Show HN: A color picker I made without fiddly sliders - erikpukinskis
http://quick-pick.herokuapp.com/

======
erikpukinskis
Backstory:

I woke up this morning and saw the color pickers in
[http://www.uibox.in/](http://www.uibox.in/) and started thinking about
whether I could make a color picker that didn't require me to pick a color in
multiple steps.

With a little bit of fiddling I came up with this. I'm sure someone with a
graphic design degree will tell me some Swiss person much smarter than me
invented this 50 years ago, but that's life. Instead of picking a hue and then
picking a saturation/brightness you just pick the color you want.

This is not the color picker for everyone:

* It's not very fine-grained

* There's no pure white or pure black (you shouldn't need/use these anyway)

* Actually all of the really dark/really light/really unsaturated parts of the spectrum are removed because they all sort of looked the same.
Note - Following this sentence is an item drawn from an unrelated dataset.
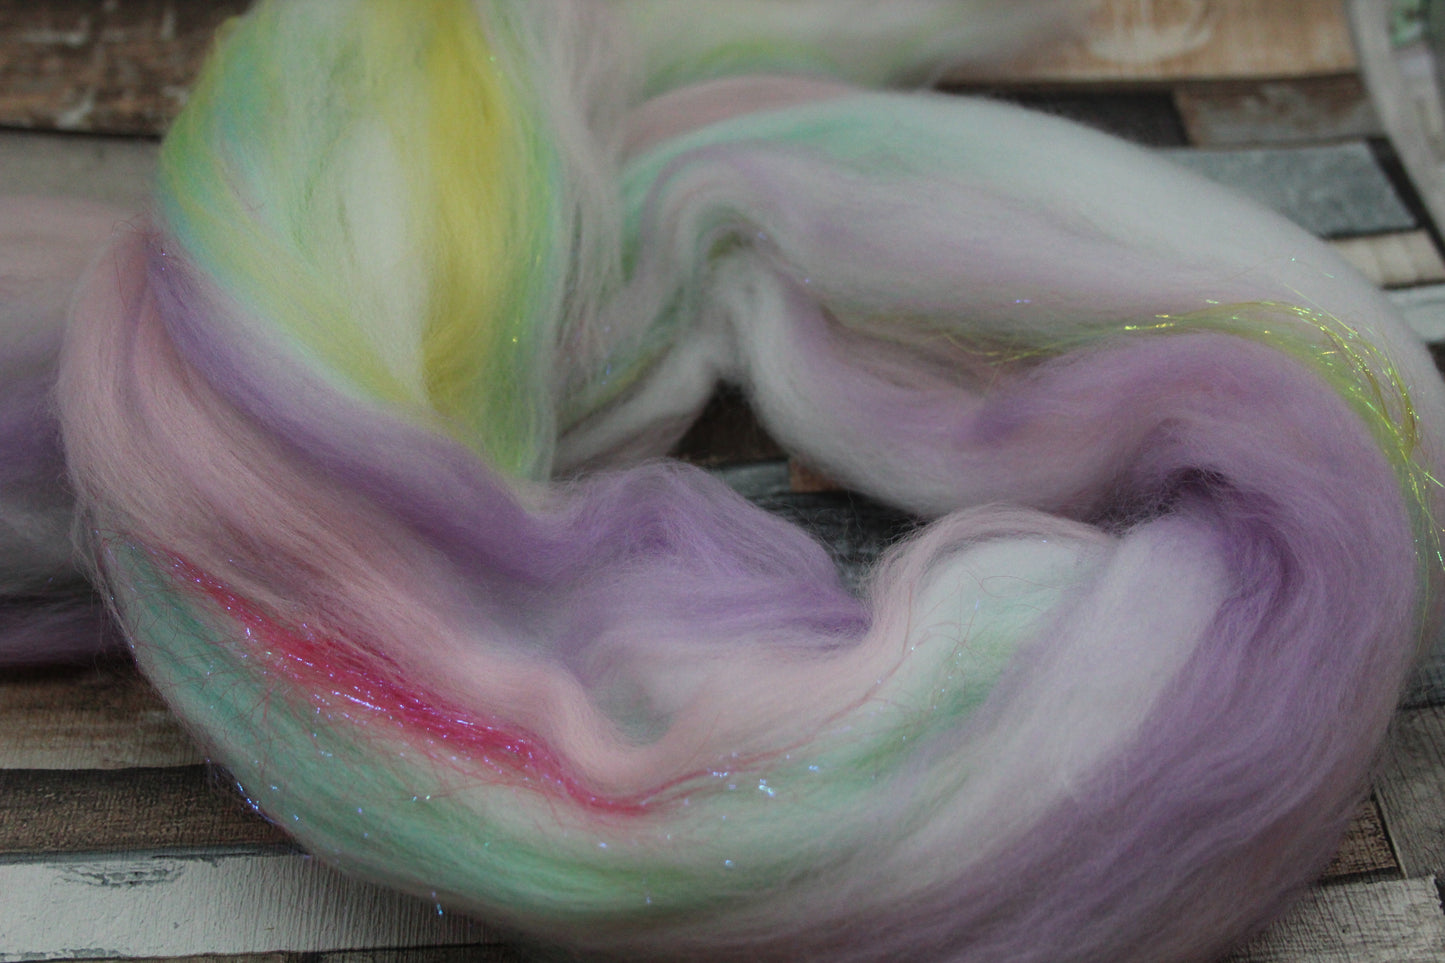 Merino Wool Blend - Pink Turquoise Yellow Purple Green - 32 grams / 1.1 oz  - Fibre for felting, weaving or spinning
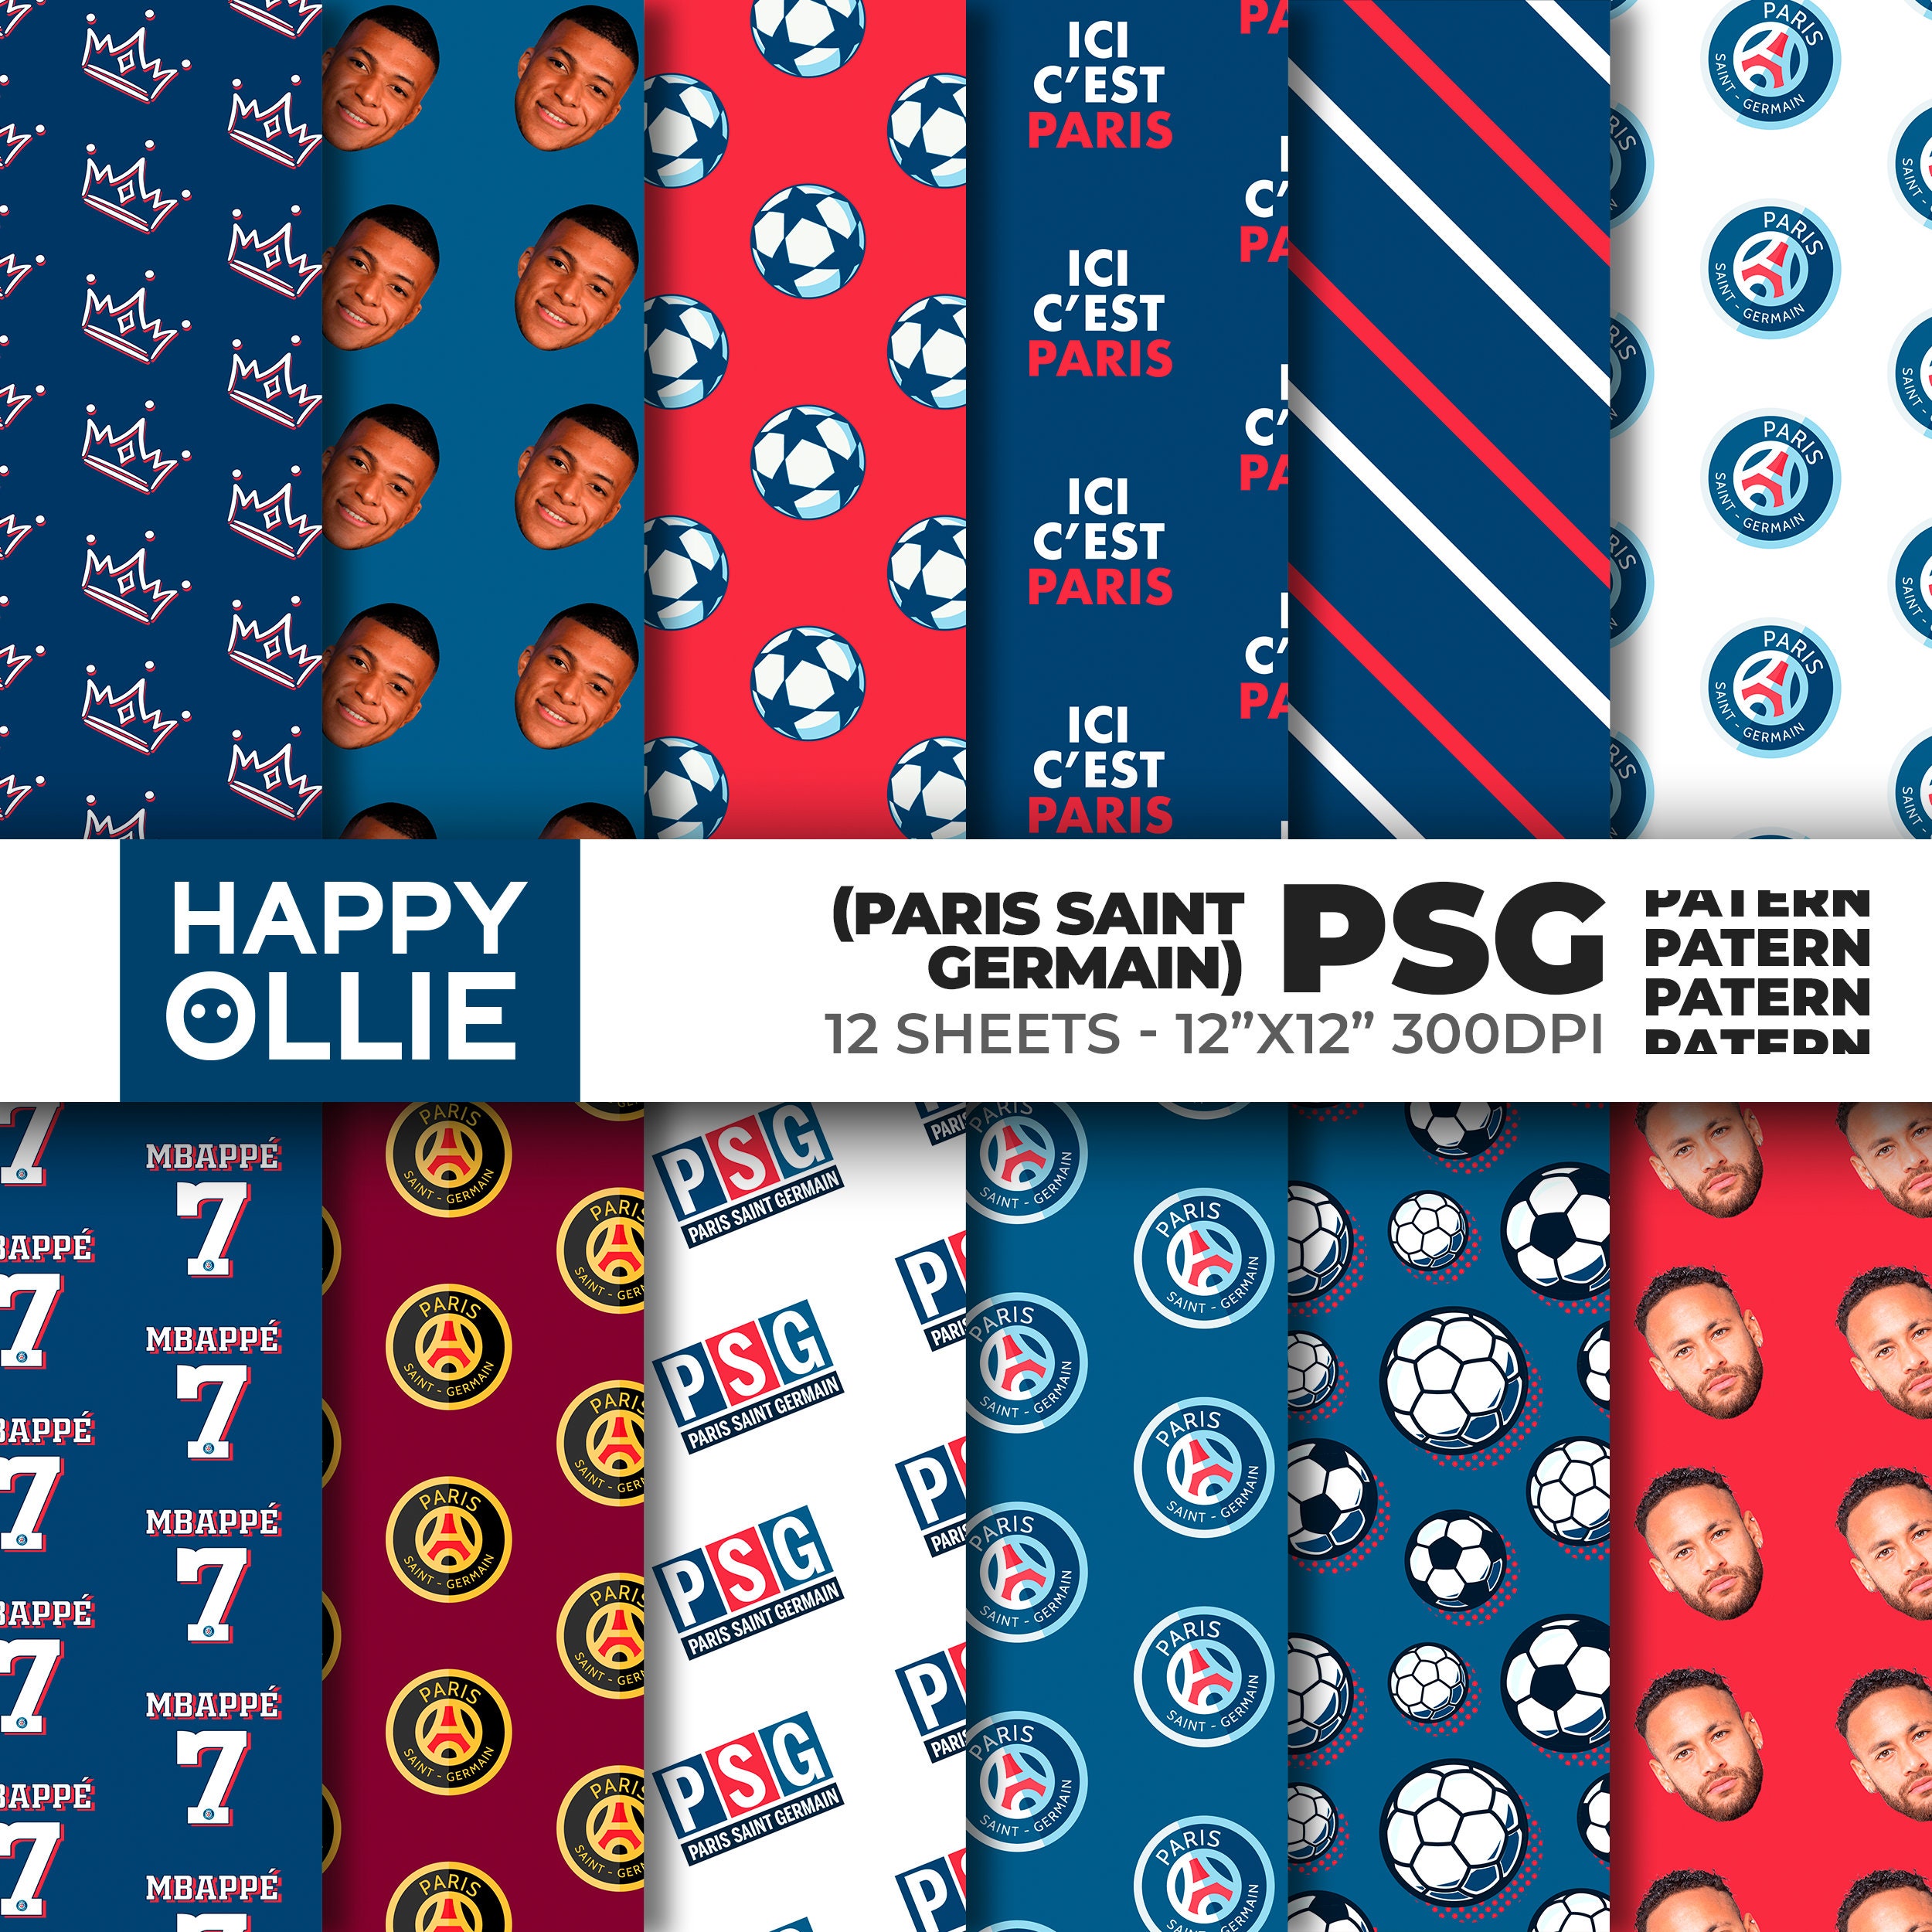 PSG Gable Box Coffret Cadeau PSG Football PSG Party -  France

* It forgets your palette when you reload the page

But it's fast, doesn't require you to grab any 4 pixel wide sliders, and it
prevents you from thinking too hard. Might be useful for someone else, so I
thought I'd post it.

I think it'd be a good basis for a color-picker for end users: it covers most
of the useful colors without overwhelming people with complexity.

------
pjdorrell
My Style Adjuster chrome extension uses sliders to change colors, but what
makes it good is that it changes the color of a CSS property value in the
page, as you slide the slider, while looking at the thing that the color
applies to. (It does dimensional values also.)

Sliding is better than clicking, because you can't click on something without
actually looking at it. But once you've started sliding a slider, you can
continue to slide it without looking at the slider.

------
Sir_Cmpwn
After I create my palette, I want to be able to copy the #NNNNNN for each
color without resorting to trickery.